:: GIVEN MATERIAL ::
==================================================

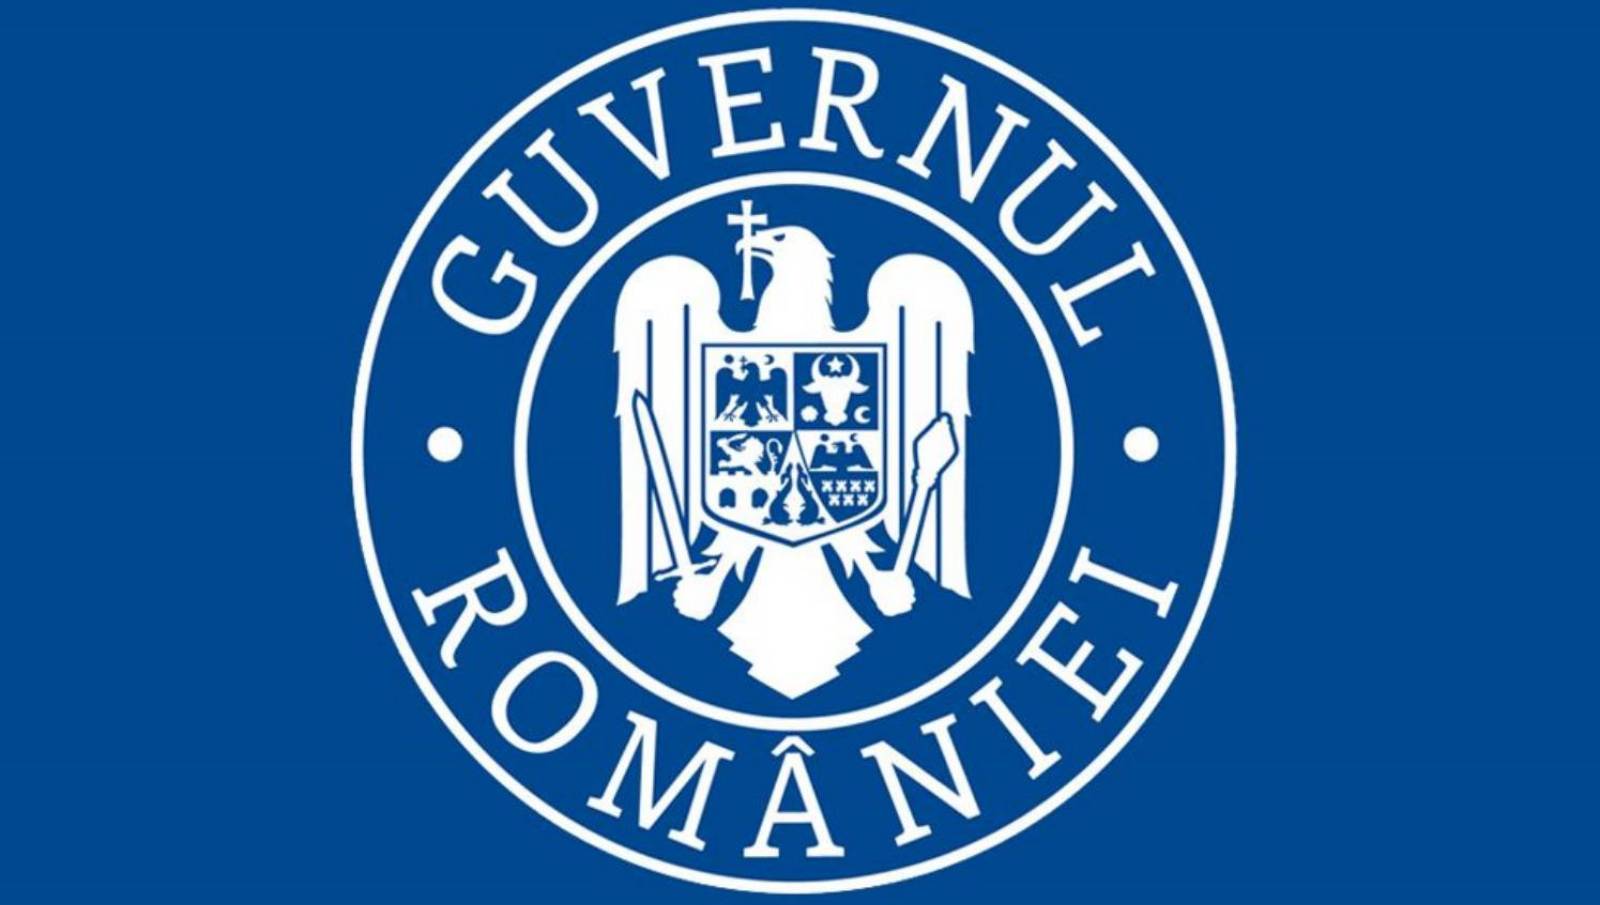 Wirus rumuńskiego banku rządowego
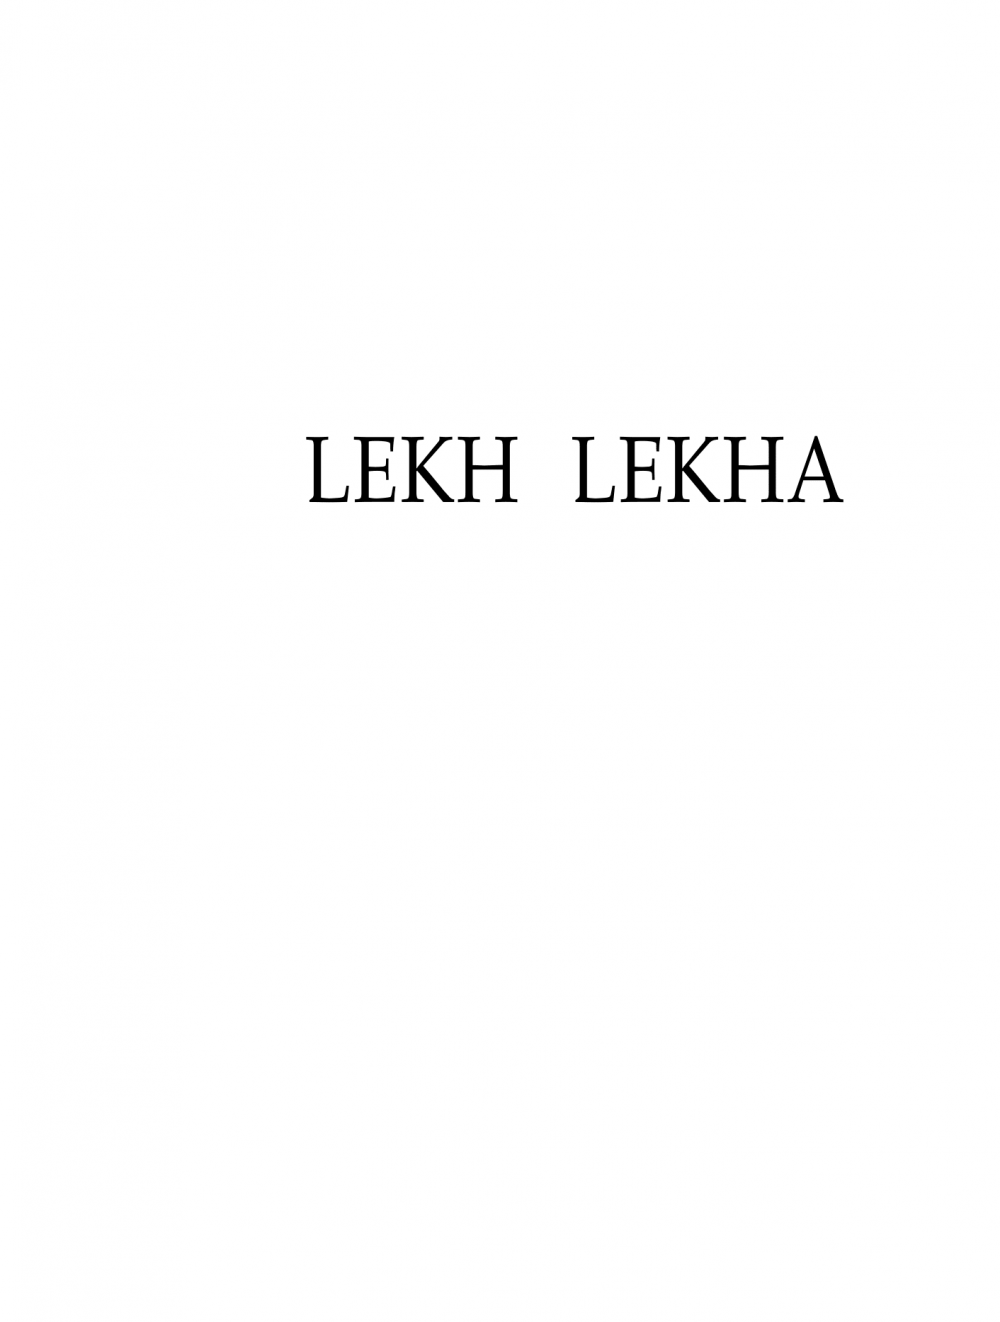 Lekh Lekha
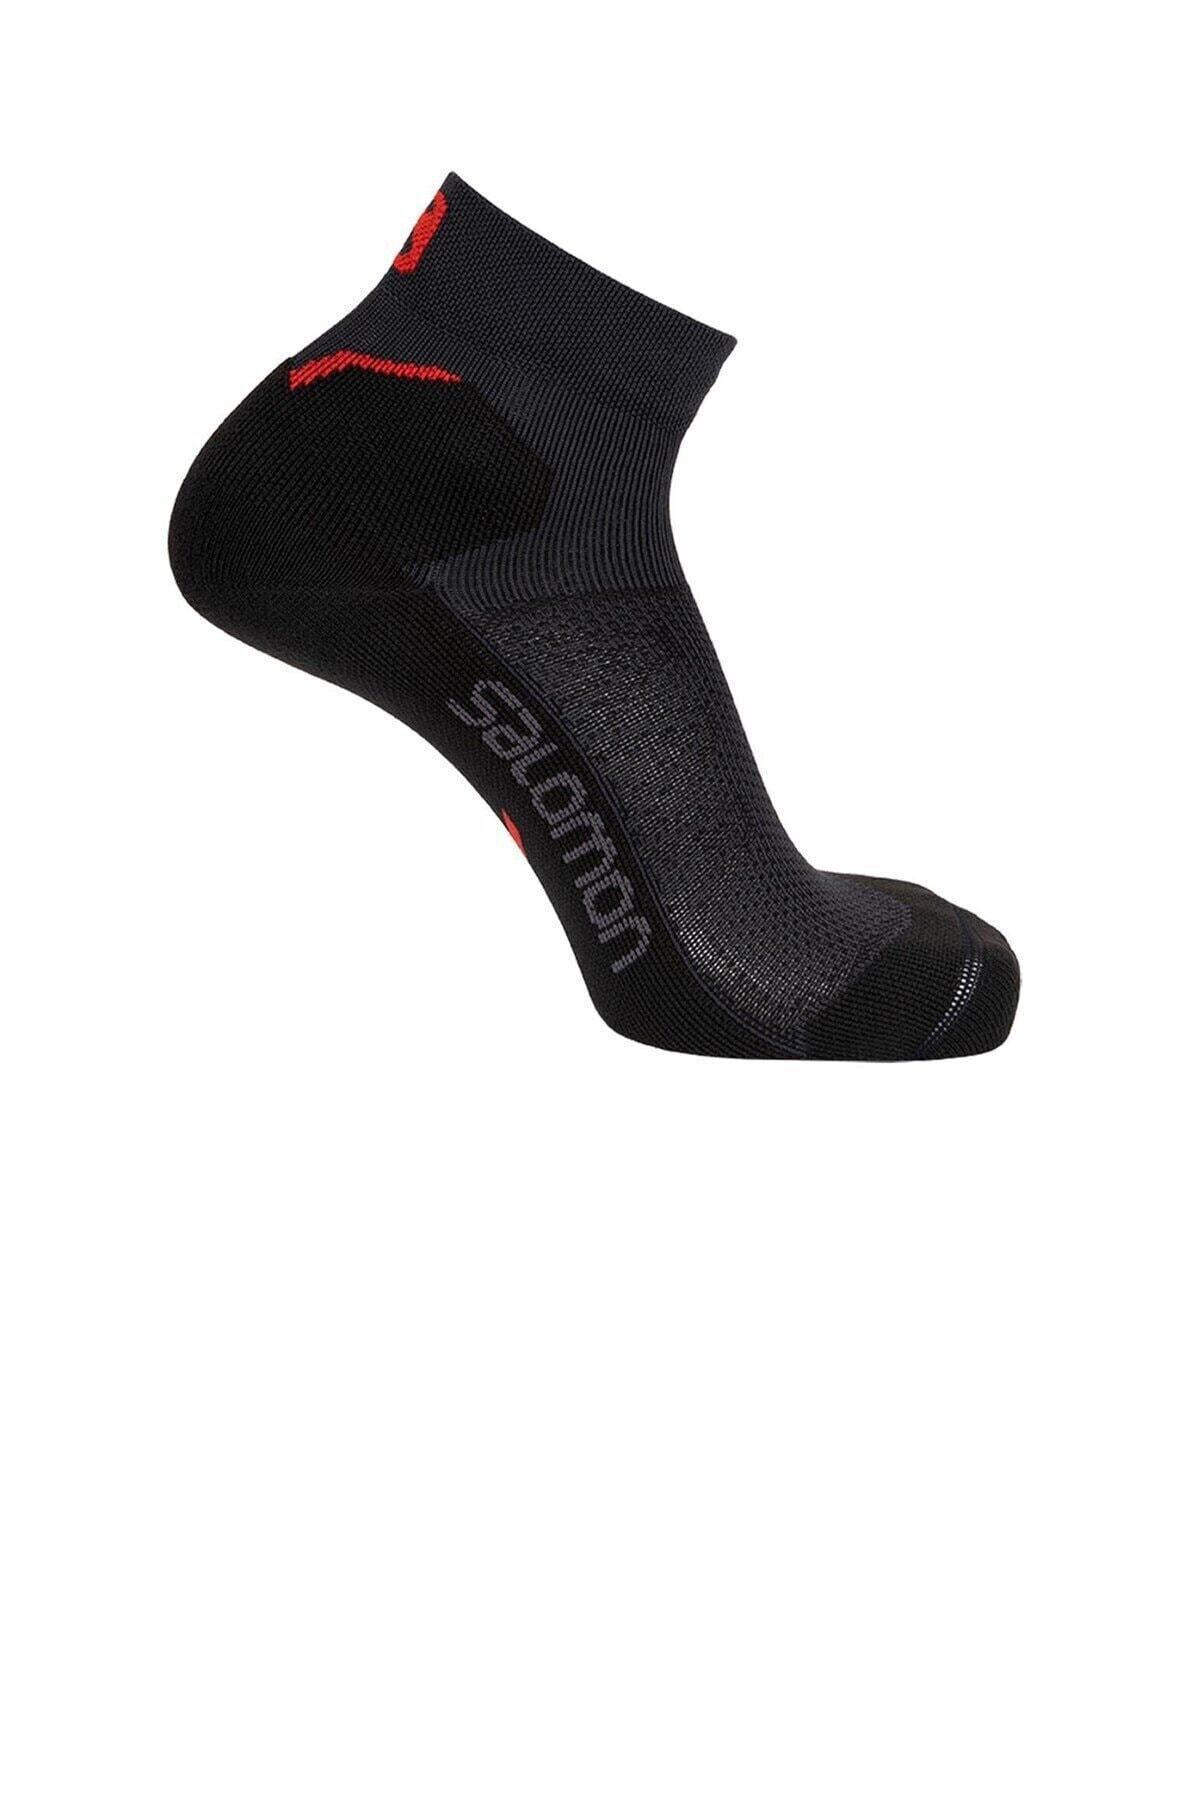 Salomon Speedcross Ankle Dx Sx Unısex Kırmızı Çorap

==================================================

:: YOUR INSTRUCTIONS ::
Pictures aside, reproduce all of the material above without alteration.

:: WRITTEN REPLY ::
 Wirus rumuńskiego banku rządowego
 Lekh Lekha
 Salomon Speedcross Ankle Dx Sx Unısex Kırmızı Çorap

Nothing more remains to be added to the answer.